Start of INFORMATION GIVEN

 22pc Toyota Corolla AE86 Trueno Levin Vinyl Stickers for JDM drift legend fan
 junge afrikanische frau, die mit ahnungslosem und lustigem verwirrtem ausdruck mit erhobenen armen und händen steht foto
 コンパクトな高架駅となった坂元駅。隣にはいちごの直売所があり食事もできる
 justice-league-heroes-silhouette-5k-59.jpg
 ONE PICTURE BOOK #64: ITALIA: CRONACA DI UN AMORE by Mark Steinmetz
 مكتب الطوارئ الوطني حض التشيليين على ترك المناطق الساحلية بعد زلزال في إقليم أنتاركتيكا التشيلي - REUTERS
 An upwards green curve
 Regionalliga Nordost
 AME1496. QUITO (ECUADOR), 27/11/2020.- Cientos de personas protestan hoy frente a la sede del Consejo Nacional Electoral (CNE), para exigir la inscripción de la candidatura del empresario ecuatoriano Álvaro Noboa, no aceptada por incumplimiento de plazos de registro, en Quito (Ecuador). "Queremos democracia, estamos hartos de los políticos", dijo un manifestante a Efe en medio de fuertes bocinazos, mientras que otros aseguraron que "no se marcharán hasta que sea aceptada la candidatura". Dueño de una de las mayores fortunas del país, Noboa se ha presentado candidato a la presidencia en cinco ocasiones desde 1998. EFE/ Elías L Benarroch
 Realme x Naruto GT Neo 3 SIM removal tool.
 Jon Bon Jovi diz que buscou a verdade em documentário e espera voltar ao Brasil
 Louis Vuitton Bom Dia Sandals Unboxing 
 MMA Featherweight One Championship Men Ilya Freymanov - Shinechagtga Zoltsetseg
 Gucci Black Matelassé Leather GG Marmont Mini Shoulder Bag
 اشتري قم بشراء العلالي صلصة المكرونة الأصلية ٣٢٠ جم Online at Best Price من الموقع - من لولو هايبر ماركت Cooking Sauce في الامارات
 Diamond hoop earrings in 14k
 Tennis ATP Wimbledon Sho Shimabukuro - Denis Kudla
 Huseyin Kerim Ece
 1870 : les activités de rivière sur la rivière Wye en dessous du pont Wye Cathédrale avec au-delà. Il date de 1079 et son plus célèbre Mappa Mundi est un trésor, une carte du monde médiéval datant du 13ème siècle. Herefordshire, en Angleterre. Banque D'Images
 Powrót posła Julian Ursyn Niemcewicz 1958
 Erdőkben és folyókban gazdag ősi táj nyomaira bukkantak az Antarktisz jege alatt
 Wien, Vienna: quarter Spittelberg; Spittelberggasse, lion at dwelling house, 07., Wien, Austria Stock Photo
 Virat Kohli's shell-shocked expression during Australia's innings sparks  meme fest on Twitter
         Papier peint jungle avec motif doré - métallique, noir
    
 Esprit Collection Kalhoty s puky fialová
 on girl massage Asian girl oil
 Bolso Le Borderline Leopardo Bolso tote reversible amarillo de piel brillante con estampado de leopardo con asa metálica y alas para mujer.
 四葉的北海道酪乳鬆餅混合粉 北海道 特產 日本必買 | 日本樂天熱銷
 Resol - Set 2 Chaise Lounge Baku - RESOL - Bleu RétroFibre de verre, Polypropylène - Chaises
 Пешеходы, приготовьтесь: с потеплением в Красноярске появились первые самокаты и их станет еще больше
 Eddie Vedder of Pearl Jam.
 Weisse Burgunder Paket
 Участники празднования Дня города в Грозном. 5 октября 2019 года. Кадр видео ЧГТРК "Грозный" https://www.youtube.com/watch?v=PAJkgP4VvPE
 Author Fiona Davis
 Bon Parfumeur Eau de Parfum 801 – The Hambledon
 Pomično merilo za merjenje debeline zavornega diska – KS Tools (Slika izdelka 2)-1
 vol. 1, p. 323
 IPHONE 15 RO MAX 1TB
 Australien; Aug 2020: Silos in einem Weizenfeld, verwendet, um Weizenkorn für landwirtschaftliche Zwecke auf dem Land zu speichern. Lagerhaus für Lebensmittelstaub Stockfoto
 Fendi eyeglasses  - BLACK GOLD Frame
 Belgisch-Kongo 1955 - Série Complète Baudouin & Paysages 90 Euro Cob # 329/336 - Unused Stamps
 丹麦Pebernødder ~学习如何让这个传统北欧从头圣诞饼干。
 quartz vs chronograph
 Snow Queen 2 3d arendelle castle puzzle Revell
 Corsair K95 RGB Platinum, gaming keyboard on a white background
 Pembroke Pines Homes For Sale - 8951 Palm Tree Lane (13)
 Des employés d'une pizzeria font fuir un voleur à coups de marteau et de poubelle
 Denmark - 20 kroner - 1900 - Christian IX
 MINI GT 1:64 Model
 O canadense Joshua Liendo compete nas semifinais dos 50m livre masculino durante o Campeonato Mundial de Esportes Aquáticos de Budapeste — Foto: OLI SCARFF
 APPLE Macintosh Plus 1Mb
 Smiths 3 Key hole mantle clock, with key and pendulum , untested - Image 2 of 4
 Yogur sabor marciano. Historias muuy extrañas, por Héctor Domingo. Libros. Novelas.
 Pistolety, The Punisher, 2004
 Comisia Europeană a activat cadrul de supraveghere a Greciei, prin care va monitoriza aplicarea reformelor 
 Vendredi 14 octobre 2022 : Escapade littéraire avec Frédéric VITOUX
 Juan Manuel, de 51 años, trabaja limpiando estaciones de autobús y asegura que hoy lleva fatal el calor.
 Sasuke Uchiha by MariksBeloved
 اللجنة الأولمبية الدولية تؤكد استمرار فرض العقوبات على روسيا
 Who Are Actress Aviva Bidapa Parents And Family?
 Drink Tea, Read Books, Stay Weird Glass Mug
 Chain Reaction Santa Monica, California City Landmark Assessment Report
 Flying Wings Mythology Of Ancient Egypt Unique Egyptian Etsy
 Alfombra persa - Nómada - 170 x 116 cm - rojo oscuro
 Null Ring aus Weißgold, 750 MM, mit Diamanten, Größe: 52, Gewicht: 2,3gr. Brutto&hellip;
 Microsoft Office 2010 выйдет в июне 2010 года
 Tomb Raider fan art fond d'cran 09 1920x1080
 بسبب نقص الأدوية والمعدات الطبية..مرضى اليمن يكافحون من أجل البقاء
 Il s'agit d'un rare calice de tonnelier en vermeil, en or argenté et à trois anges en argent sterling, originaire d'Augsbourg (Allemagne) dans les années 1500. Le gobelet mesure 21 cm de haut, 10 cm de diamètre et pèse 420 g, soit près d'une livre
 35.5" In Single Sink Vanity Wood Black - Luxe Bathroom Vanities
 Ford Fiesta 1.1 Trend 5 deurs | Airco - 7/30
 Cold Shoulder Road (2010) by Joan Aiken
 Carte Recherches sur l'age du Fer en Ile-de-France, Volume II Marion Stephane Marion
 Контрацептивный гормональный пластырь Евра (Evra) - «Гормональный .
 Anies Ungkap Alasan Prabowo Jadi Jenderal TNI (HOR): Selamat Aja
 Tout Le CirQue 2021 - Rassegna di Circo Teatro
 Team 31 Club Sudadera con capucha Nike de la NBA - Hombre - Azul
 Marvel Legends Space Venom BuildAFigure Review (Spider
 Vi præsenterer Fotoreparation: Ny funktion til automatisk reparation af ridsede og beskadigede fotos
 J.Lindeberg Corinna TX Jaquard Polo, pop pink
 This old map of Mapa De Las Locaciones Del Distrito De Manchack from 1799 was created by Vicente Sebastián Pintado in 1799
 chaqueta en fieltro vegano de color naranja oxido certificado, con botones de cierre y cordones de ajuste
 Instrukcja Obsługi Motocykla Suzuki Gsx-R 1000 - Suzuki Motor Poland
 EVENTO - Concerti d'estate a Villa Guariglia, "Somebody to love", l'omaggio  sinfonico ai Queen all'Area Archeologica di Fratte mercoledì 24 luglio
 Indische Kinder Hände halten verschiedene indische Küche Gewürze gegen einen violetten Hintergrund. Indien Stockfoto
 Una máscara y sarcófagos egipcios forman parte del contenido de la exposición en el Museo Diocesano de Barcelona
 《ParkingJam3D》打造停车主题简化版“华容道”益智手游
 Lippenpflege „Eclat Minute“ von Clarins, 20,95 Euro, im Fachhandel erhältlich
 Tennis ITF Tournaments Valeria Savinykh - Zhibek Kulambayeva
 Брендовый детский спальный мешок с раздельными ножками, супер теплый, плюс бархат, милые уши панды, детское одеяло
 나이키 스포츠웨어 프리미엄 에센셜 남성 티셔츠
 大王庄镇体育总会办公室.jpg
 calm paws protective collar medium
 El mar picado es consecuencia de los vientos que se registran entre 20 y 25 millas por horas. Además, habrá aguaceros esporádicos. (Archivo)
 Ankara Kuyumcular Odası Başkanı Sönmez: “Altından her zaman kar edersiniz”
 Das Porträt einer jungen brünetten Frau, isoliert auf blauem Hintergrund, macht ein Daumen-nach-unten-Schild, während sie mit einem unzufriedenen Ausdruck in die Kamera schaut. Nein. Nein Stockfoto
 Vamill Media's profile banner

End of INFORMATION GIVEN

Go to the line in the material above that contains "Bolso Le Borderline" and copy exactly from there through the line that contains "IPHONE 15 RO MAX 1TB", stopping after it.

 Bolso Le Borderline Leopardo Bolso tote reversible amarillo de piel brillante con estampado de leopardo con asa metálica y alas para mujer.
 四葉的北海道酪乳鬆餅混合粉 北海道 特產 日本必買 | 日本樂天熱銷
 Resol - Set 2 Chaise Lounge Baku - RESOL - Bleu RétroFibre de verre, Polypropylène - Chaises
 Пешеходы, приготовьтесь: с потеплением в Красноярске появились первые самокаты и их станет еще больше
 Eddie Vedder of Pearl Jam.
 Weisse Burgunder Paket
 Участники празднования Дня города в Грозном. 5 октября 2019 года. Кадр видео ЧГТРК "Грозный" https://www.youtube.com/watch?v=PAJkgP4VvPE
 Author Fiona Davis
 Bon Parfumeur Eau de Parfum 801 – The Hambledon
 Pomično merilo za merjenje debeline zavornega diska – KS Tools (Slika izdelka 2)-1
 vol. 1, p. 323
 IPHONE 15 RO MAX 1TB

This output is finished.